Consecuencia de los rumores (o las fake news a la cubana): incertidumbre y temor en la población, evasión de la realidad. Que compren grandes cantidades de jabón y pasta sería la menos grave. Por suerte no se han agotado y hasta el paquete de papel sanitario a 24 pesos tenemos en los mercados comerciales, por primera vez en la historia. Nadie sueñe que va a suceder igual con la pintura, desaparecida hace largos meses de Cienfuegos y solo resucitada un trecho del 7 de diciembre en “Eureka” a precios altísimos.

La “familia asesinada y enterrada” supone la exageración, vox populi, del caso de un hombre en una casa de la zona del Bar Pedro, cuyo cadáver fue encontrado gracias a la acción especializada de las fuerzas de investigación policial, durante el operativo iniciado en la madrugada del 8 de diciembre.

Que a este periódico le conste, no se prevé el incremento de esa añorada avalancha de productos en la libreta de abastecimiento.

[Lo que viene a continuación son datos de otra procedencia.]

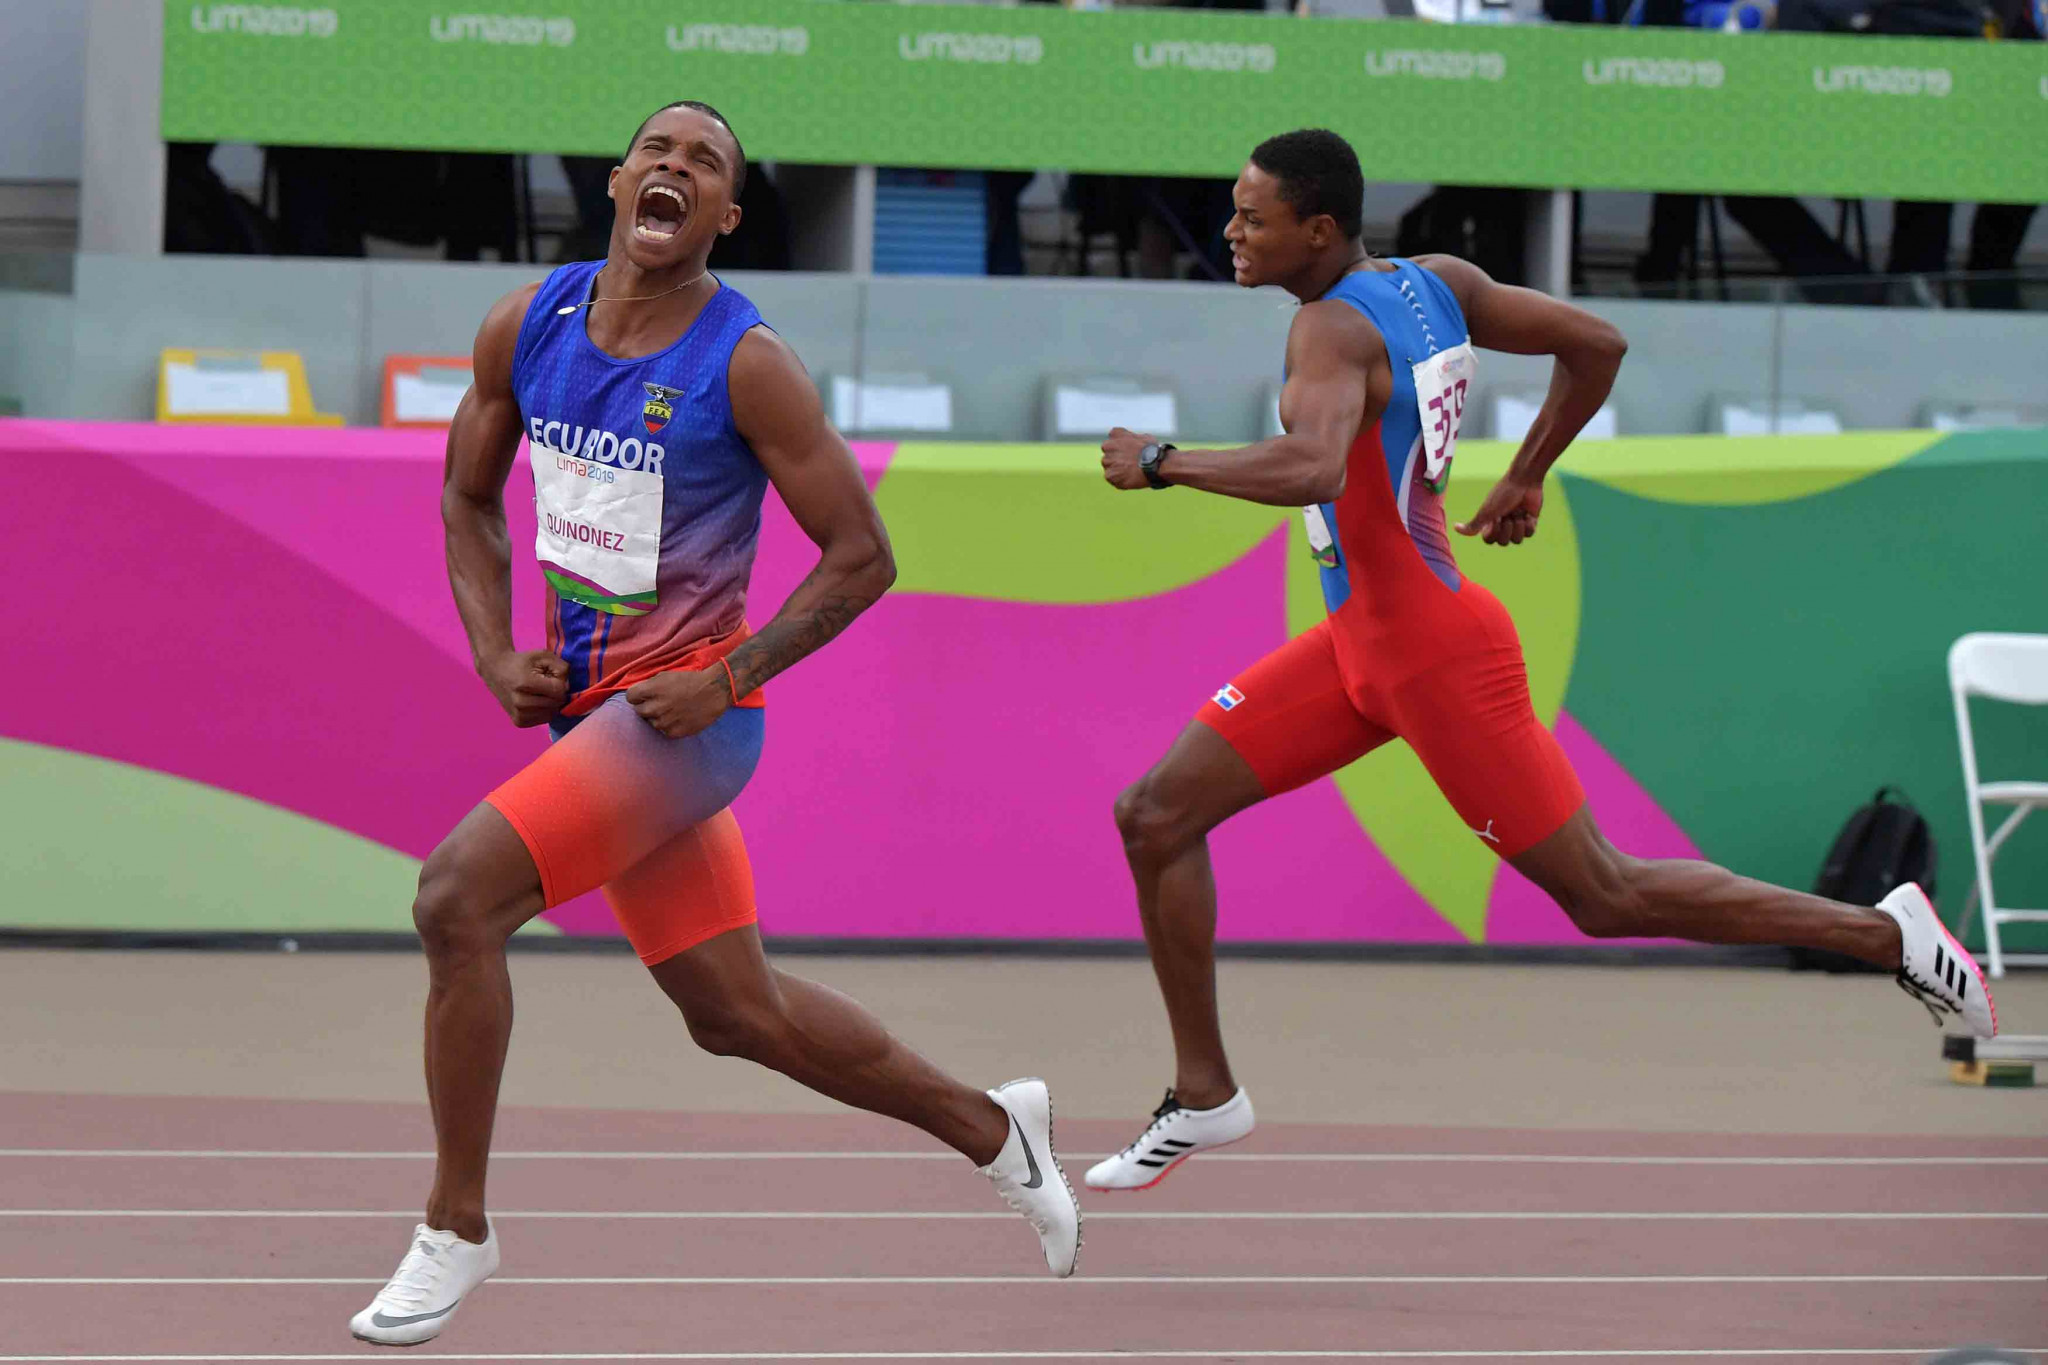 Ecuador's Alex Quinonez won the men's 200m title ©Getty Images

Ningún alto dirigente del país (salvo José Ramón Machado Ventura, quien focalizó su visita a la zafra, en compañía de los nuestros) arribó aquí durante la segunda quincena de noviembre y la primera semana de diciembre.

11 Comentarios

  1. Dicen por ahí… Eso siempre ha ocurrido. Antes el chivo era el cambio de moneda, con más de una interpretación acerca del posible pitcher de la bola. A veces hay bola que andan rodando hasta que finalmente alguien en un espacio X la trastoca en verídica, dejándonos entonces con la interrogante de que si es necesario esperar a tanto. Otros caminos de la bola es ser desmentida después de tanto rodar; o simplemente desaparecer. Creo que debe aclararse lo que deba ser aclarado; hay que saber distinguir entre la información esencial y la banal, porque está claro que todas las bolas no deben ser aclaradas, los medios no pueden ser cazadores de chismes. El pueblo está ávido de información siempre. Una parte porque tiene dudas reales, con sentido, sobre aspectos que influyen en la cotidianeidad; y otra parte porque siente una especie de placer aberrante al ver la bola rodar y hacer daño a su paso. Es un mundo nuevo, donde la apertura de los nuevos medios hace que las personas tengan acceso a una información que no está regulada; donde existe buena, mala y errónea información. Creo que los medios cubanos deben prepararse para esta nueva etapa que ya comenzó desde hace años. Gracias

  2. A falta de informacion oportuna surge la “bola”, “chisme” o el nombre que quieran ponerle, lo cierto es que si no se informa con veracidad, en el momento justo, nosotros el pueblo diremos lo que nos parezca o lo que alguna mente malintencionada nos susurre, seamos transparentes y evitaremos esos “DICEN”.

  3. Como se menciona en un filme memorable: “La duda puede ser un vínculo tan poderoso y sólido como la certeza”. En este sentido, los cubanos hemos vivido con la incertidumbre inyectada en las venas durante mucho tiempo. Ante la duda, no es difícil inventar historias nuevas que nos sirvan de aliciente, por un lado para divertirnos usando muchas veces las ironías, y por otro, para mantener una vaga esperanza suspendida de que todo puede mejorar. Pero lo bonito, no quita lo cortés: tenemos la certeza, que ante la duda, somos por lo general unos chismosos.

  4. Y ahora dicen que la falta de pan es por… bueno, la vox populi, vox dei… dice tantas cosas, pero la información nos está vetada. Una vez más, la culpa, la maldita culpa la tiene el secretismo.

    • Coincido. Muy oportuno. Sobre todo porque como afirma y no niega el comentario, el rumor crece. Y si nos apegamos al viejo axioma, “cuando el río suena, piedras ruedan”. Gracias.

      • Esa es la realidad del hecho, “el que calla otorga”. O en derecho el que no impugna admite, es el mismo caso del “señor de los cielos”. En eso nadie puede señalar a Fidel. Cuándo se paró ante las cámaras y desmintió a la revista “Forbes”.